MATTER OF PRIDE. The dealmaking moves by Ackermann make German business leaders uneasy. That's because they would effectively be takeovers by the foreign banks, which would cost Germany its premier financial institution and hurt national pride. On Mar. 16 a group of chief financial officers from Deutsche Telekom (DT ), SAP (SAP ), DaimlerChrysler (DCX ), and other large German companies urged Schröder to prevent Deutsche falling into foreign hands.

Schröder seems willing to do his part to promote the notion of a national megabank. In his Frankfurt speech, the Chancellor maintained that "we need [a bank] in Germany that is globally competitive -- it would be even better to have two." But that vision may -- or may not -- involve Postbank. The word in Berlin, according to industry sources, is that Schröder's advisers ideally want Deutsche to merge with insurer Allianz, which owns Dresdner Bank, to create a financial services leviathan. But analysts say such a complex deal would be too difficult to pull off. Moreover Allianz has shown no interest in such a deal, so attention is now on Postbank.
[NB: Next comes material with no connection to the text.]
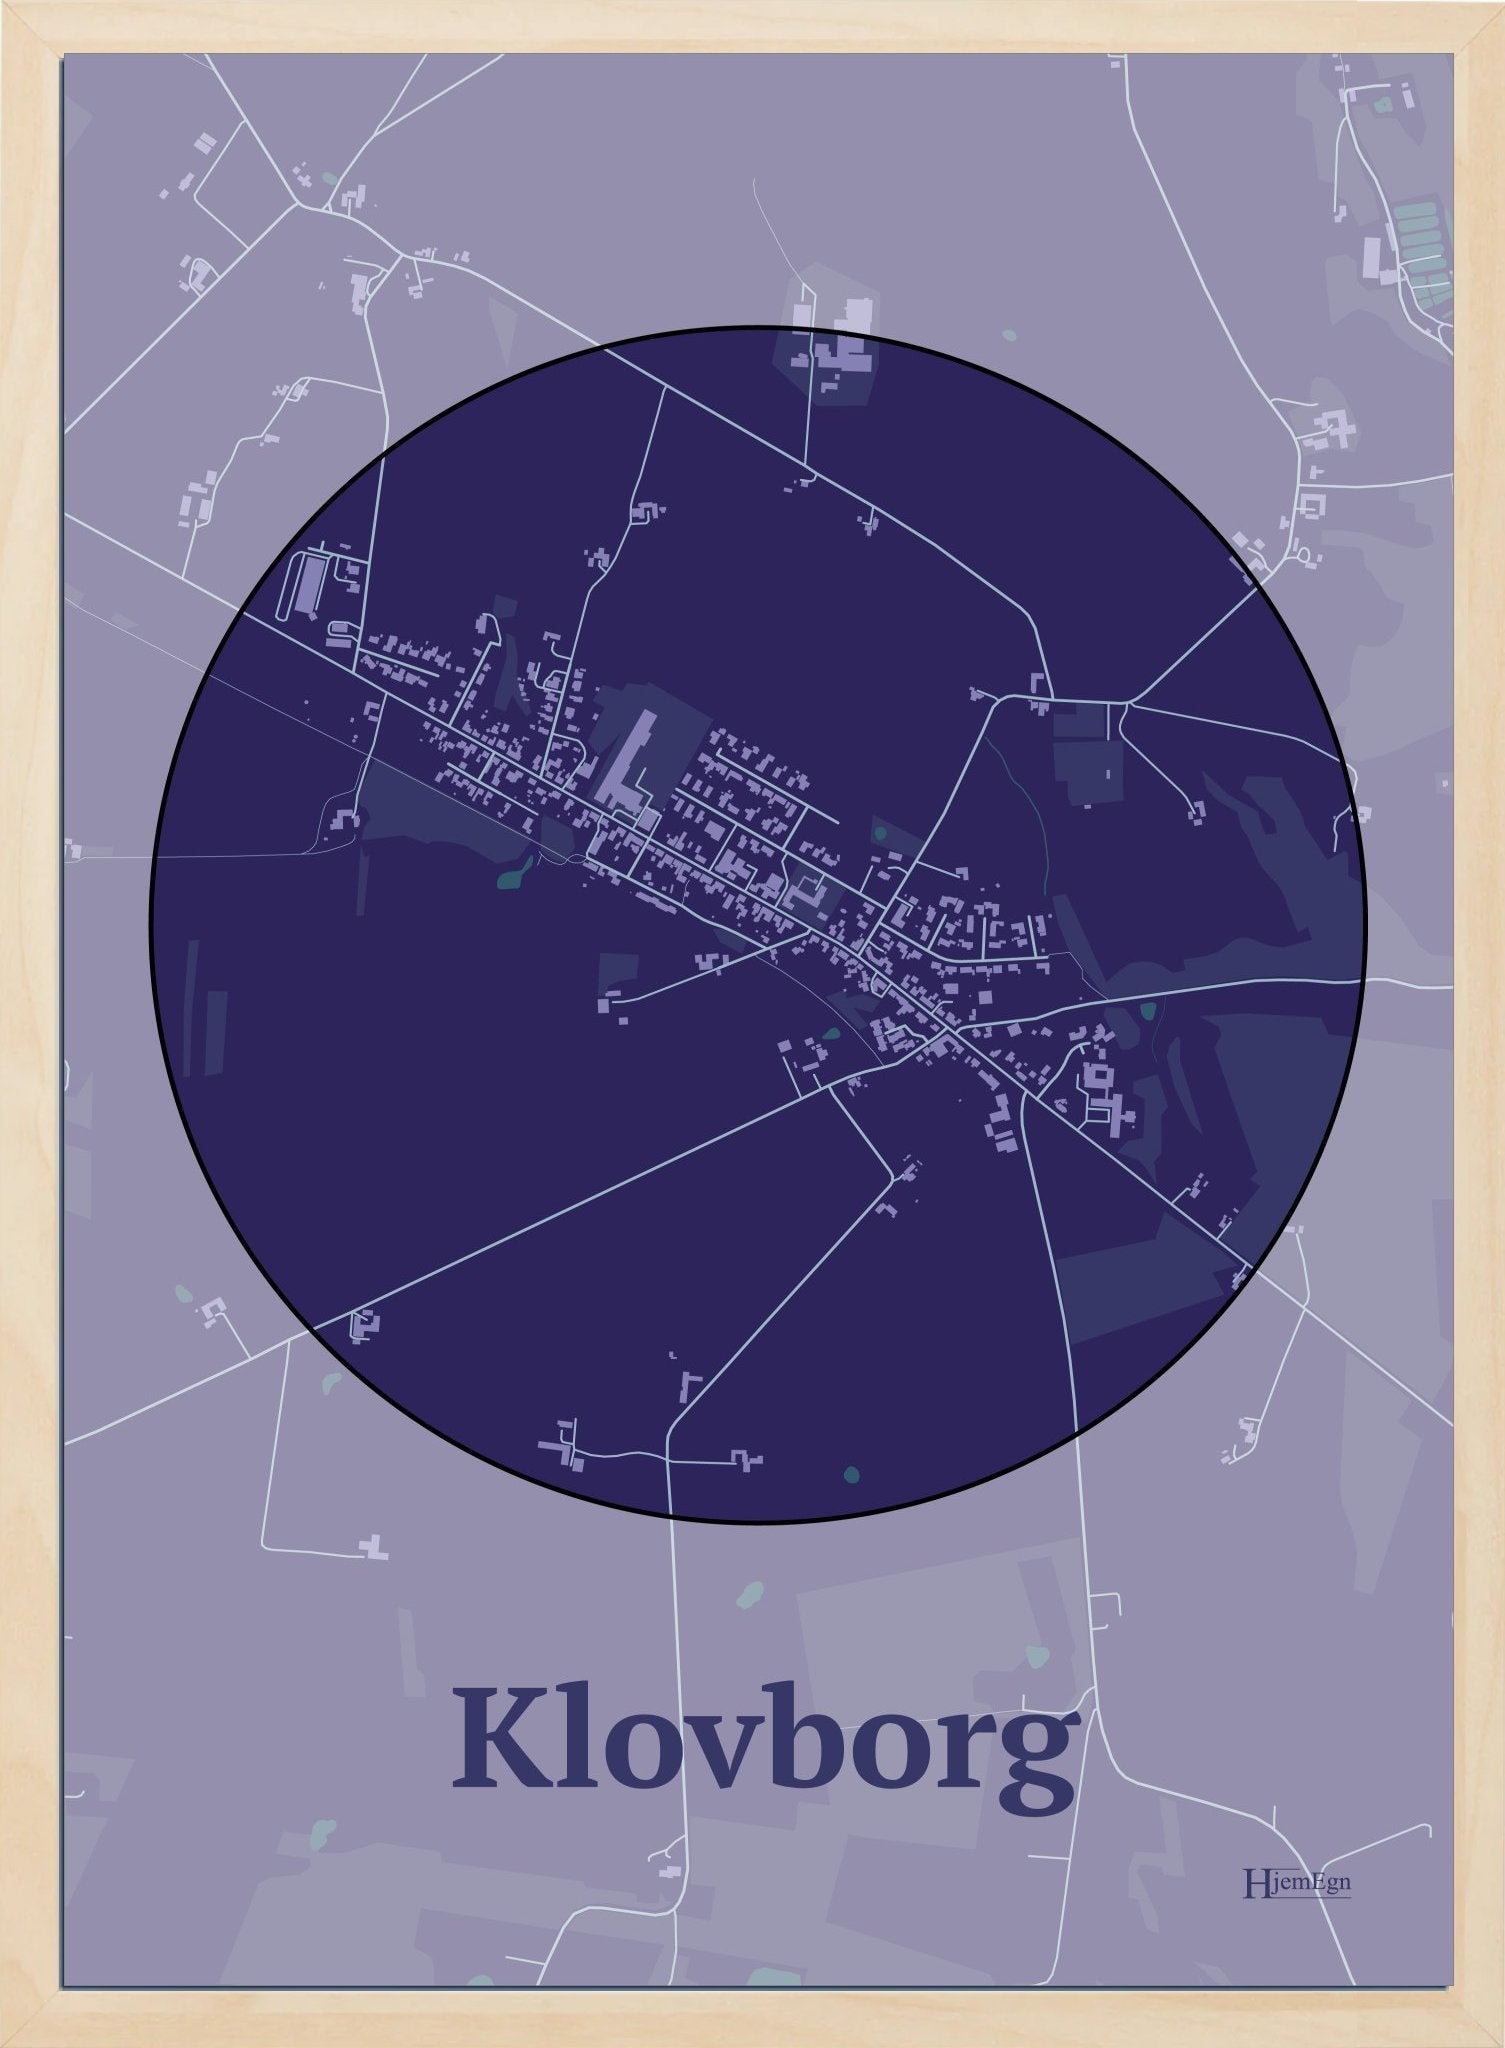 Klovborg plakat i farve mørk lilla og HjemEgn.dk design centrum. Design bykort for Klovborg
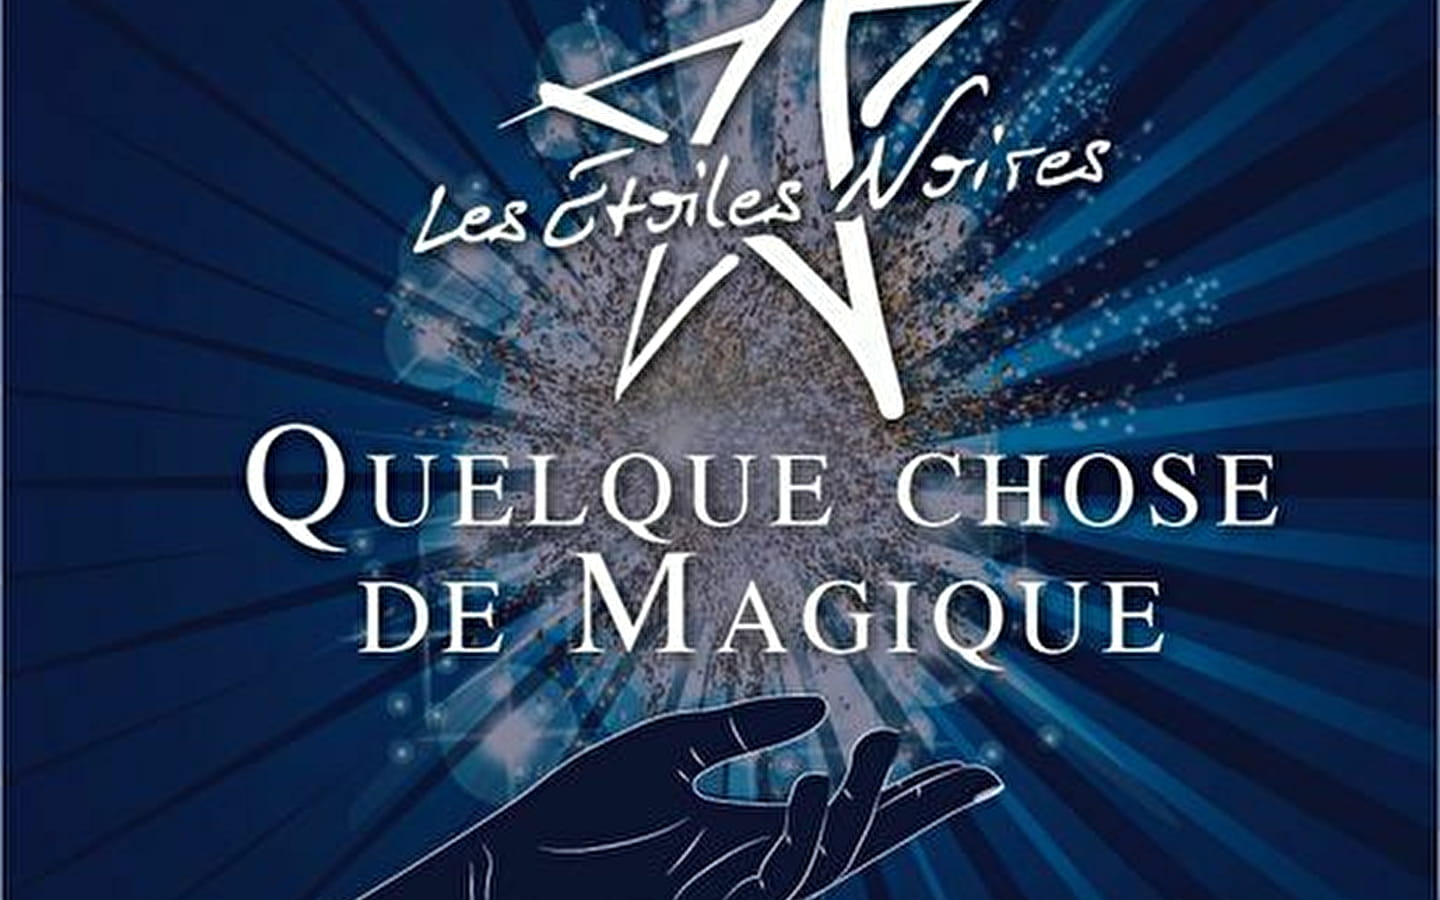 Show - Les Étoiles Noires: Iets magisch

There are signs that Ackermann and his internationalist allies such as Anshu Jain, head of global markets, and Kevin Parker, head of global equities, may be bending under the combined pressure from supervisory board members, politicians, and business leaders. Deutsche's 11-member executive committee, which is chaired by the CEO and dominated by his supporters, debated on May 11 whether to bid for Postbank. But the bank has yet to comment on the outcome. If Deutsche does launch a bid, the situation would be complicated because it has been retained alongside Morgan Stanley (MWD ) to advise Deutsche Post on Postbank's initial public offering. A Deutsche move to buy Postbank, which would cost an estimated $6 billion to $7.2 billion, would force it to give up its advisory role on the IPO.

For his part, Deutsche Post head Klaus Zumwinkel says the Postbank IPO (expected to raise $3.6 billion, making it the biggest German IPO in three years) will go ahead as anticipated. The plan is to float 50% minus one share in Postbank, with the rest going on the market at a later date. Of course, Zumwinkel may not be the only decision maker. The government owns 62% of Deutsche Post and could try to overrule him. But government spokesman Thomas Steg says: "The federal government is acting neutral. That means it's not an actor."

Even if Deutsche were to acquire Postbank, it's unlikely to curb Ackermann's ambitions abroad. He shows no signs of abandoning his belief that a cross-border deal is needed to make Deutsche more internationally competitive. However the boardroom struggle plays out, one thing seems certain: Deutsche is going to hit the acquisition trail soon, either at home or abroad.